The problem
Below this line are records; write out exactly the lines from the one containing "Should Oʻahu Build a New Jail?" through the one containing "Pharmart tưng bừng", with the pictures left out.

Exercise data
-=-=-
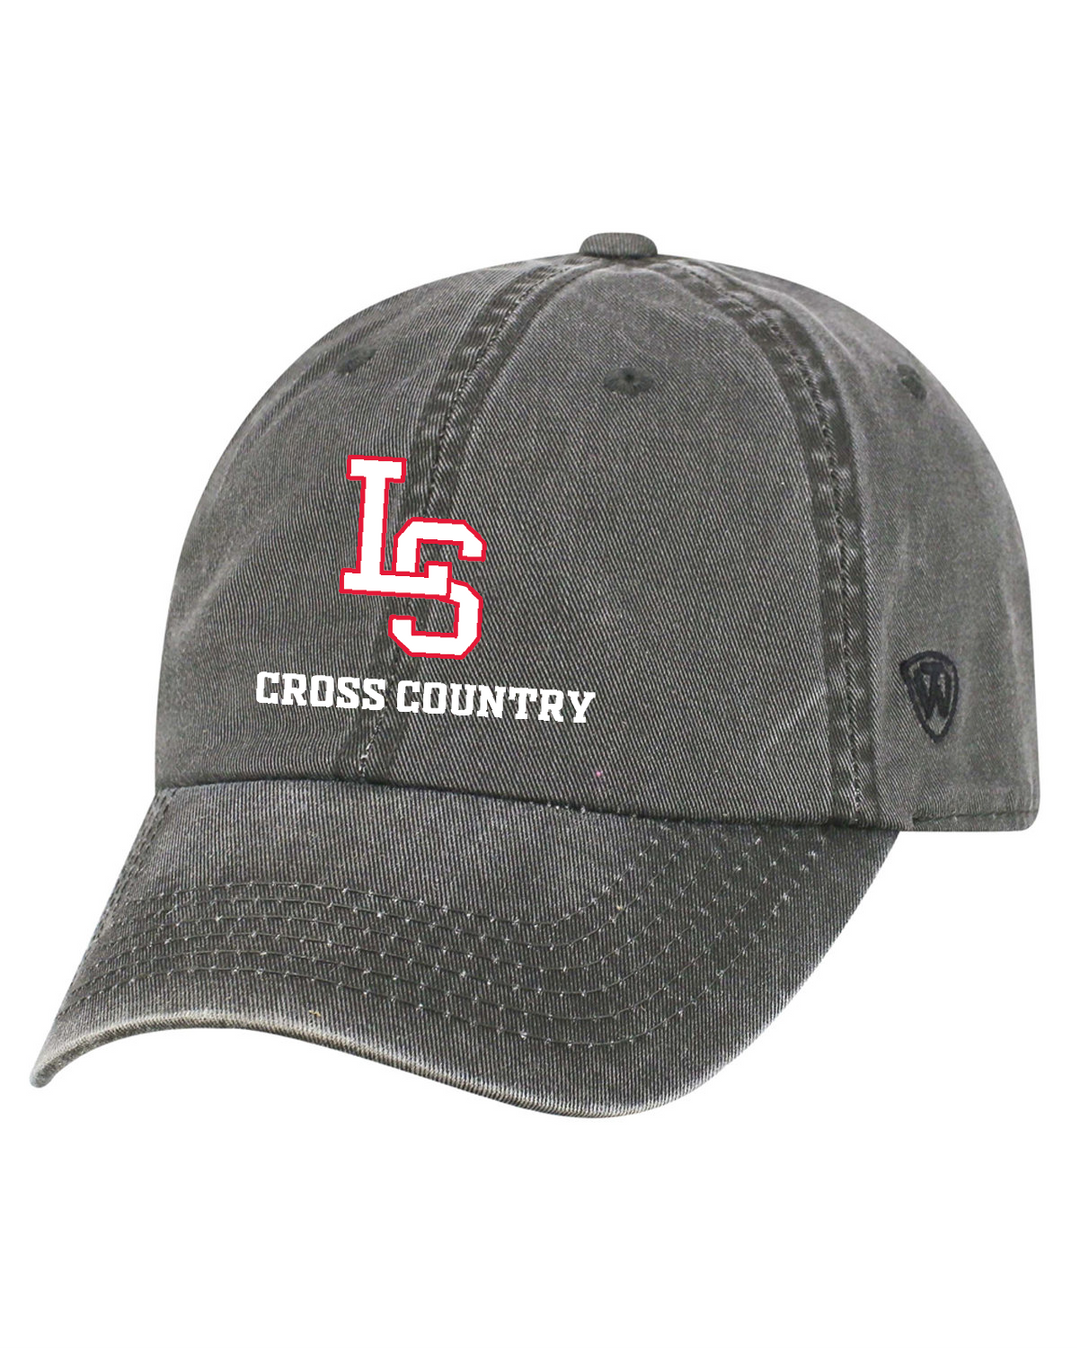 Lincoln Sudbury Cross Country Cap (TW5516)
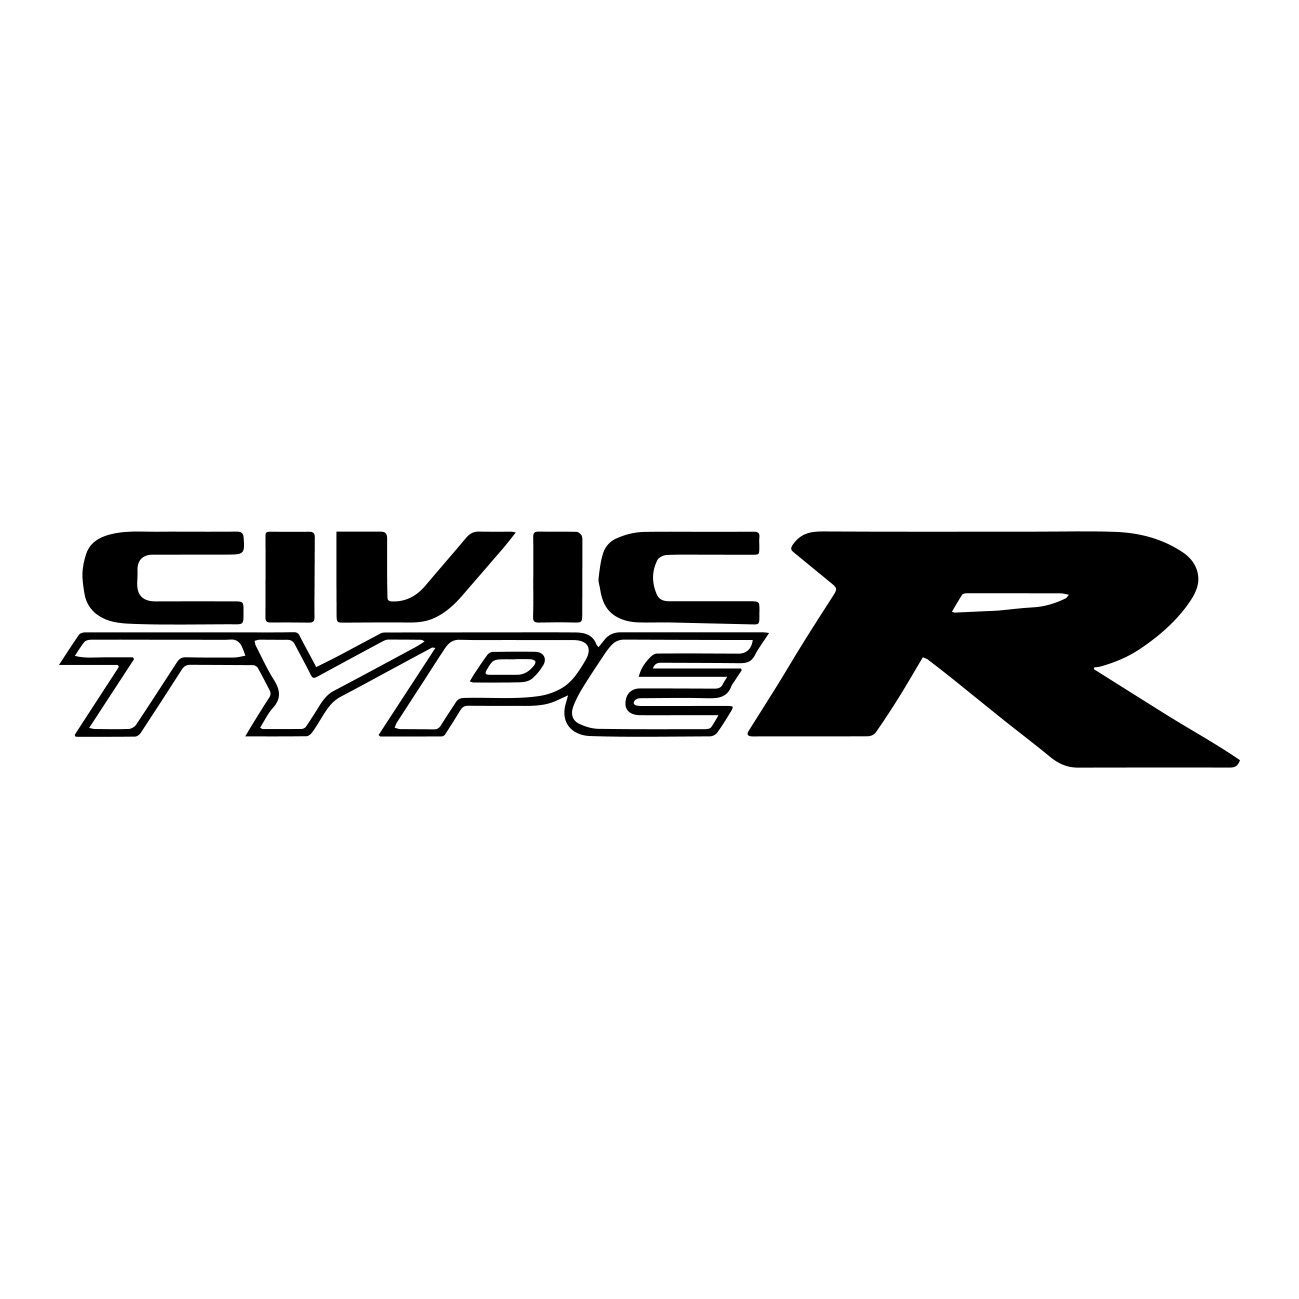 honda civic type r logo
-=-=-
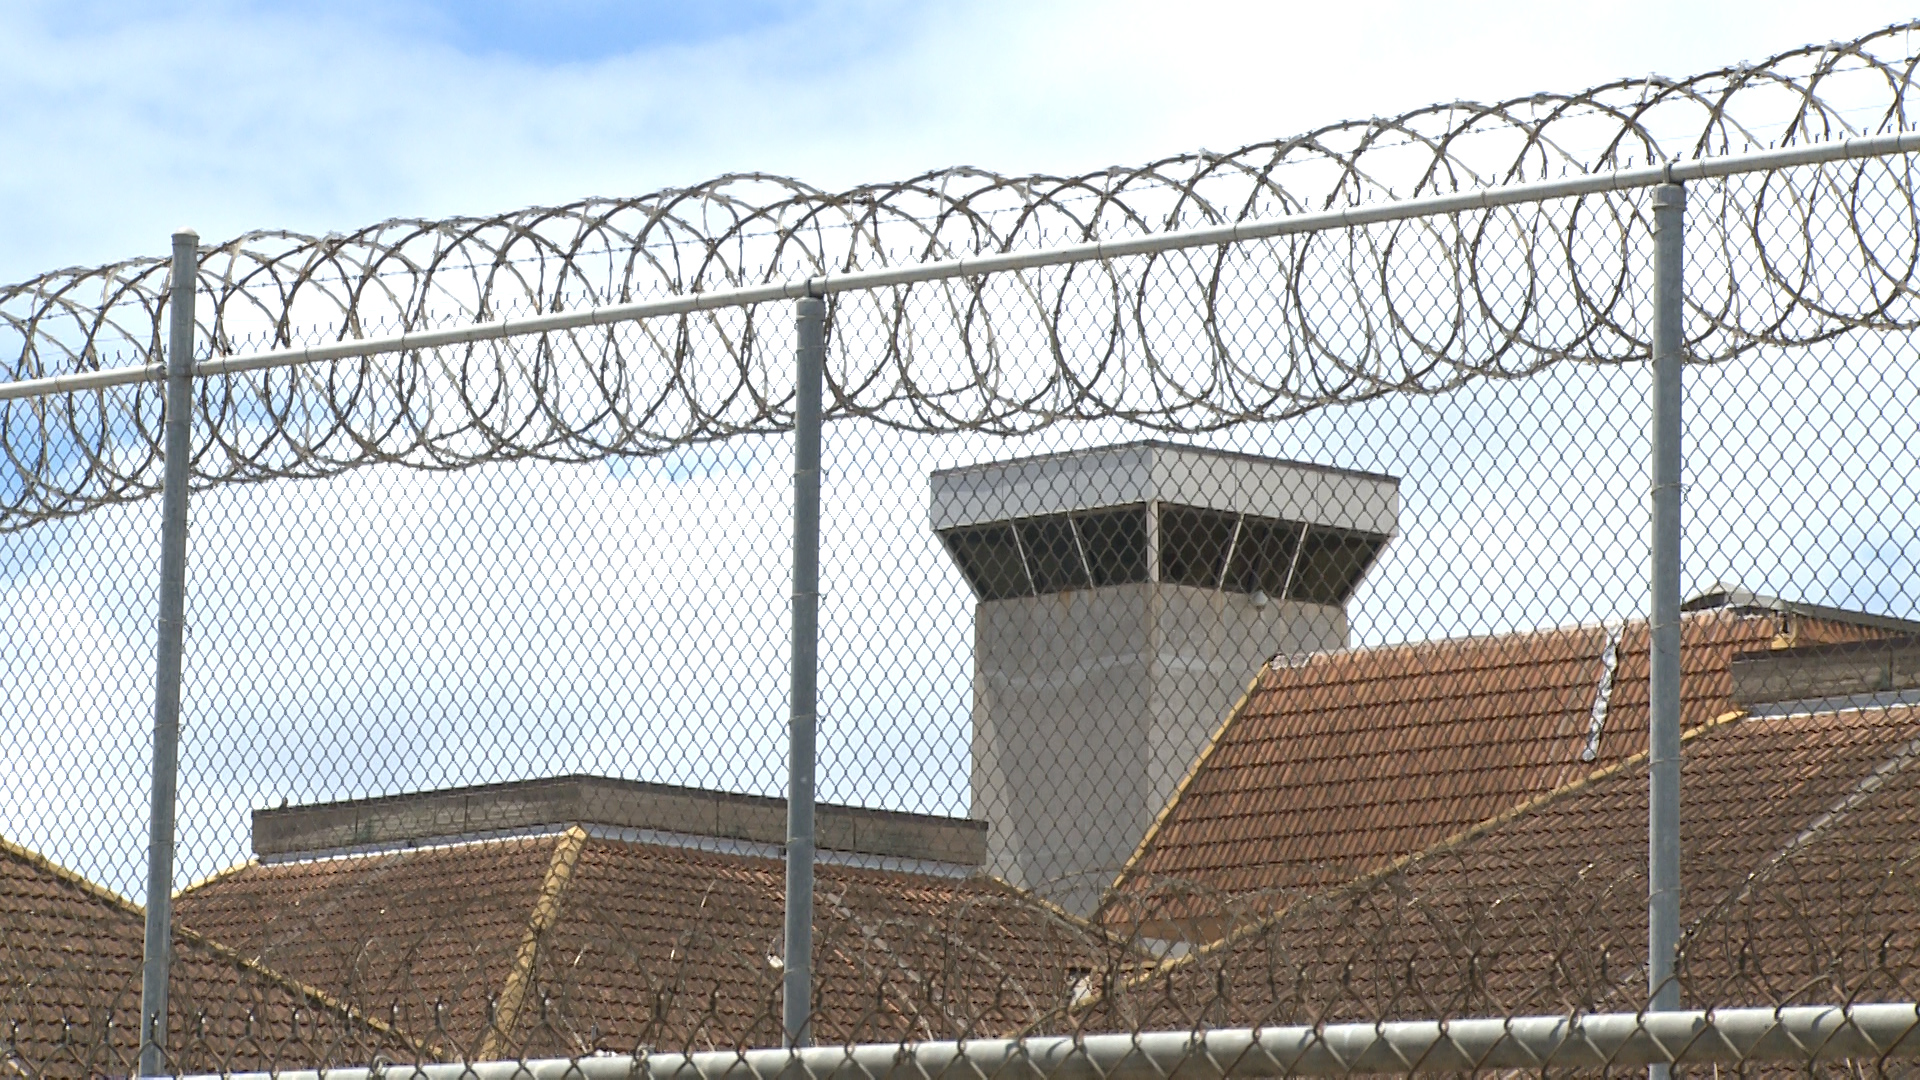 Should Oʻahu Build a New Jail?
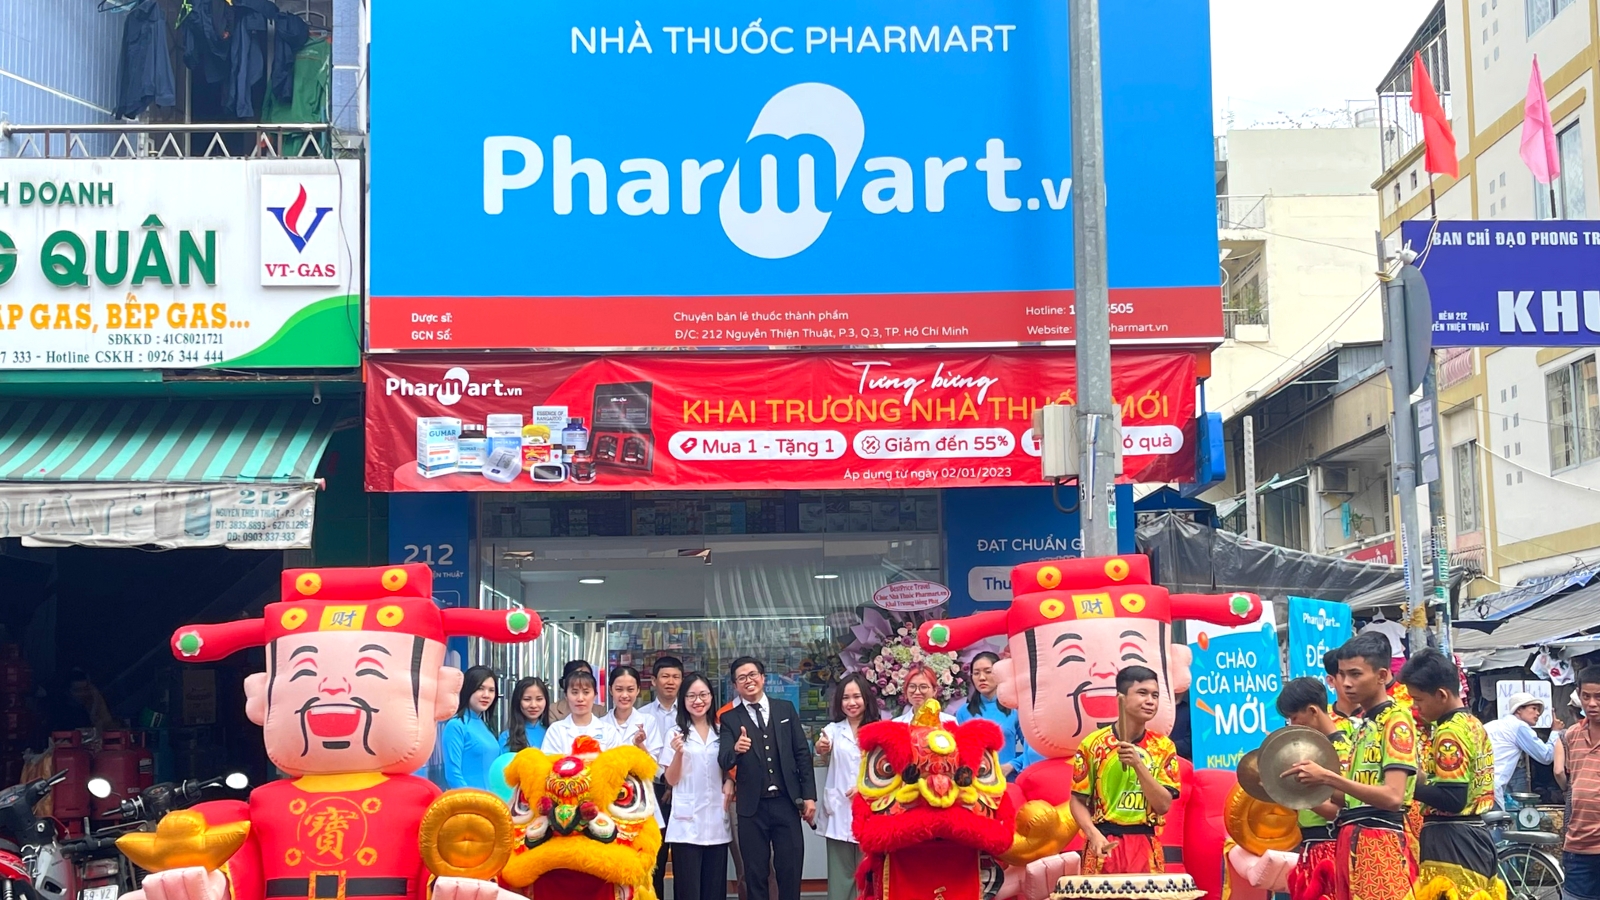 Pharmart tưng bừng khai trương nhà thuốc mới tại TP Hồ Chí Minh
-=-=-
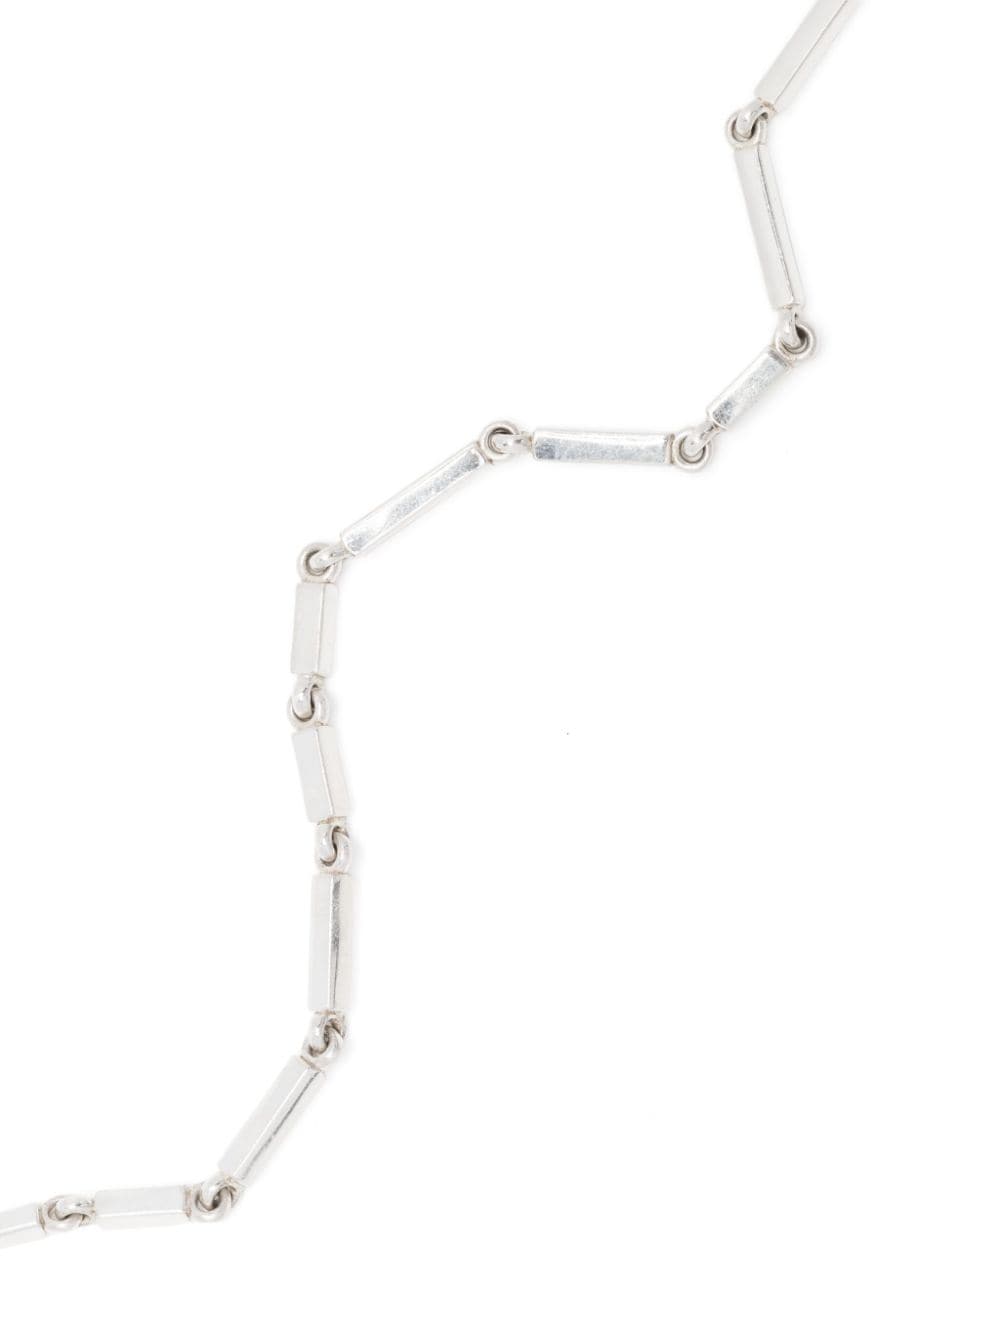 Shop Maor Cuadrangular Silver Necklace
-=-=-
Solution to this exercise
 Should Oʻahu Build a New Jail?
 Pharmart tưng bừng khai trương nhà thuốc mới tại TP Hồ Chí Minh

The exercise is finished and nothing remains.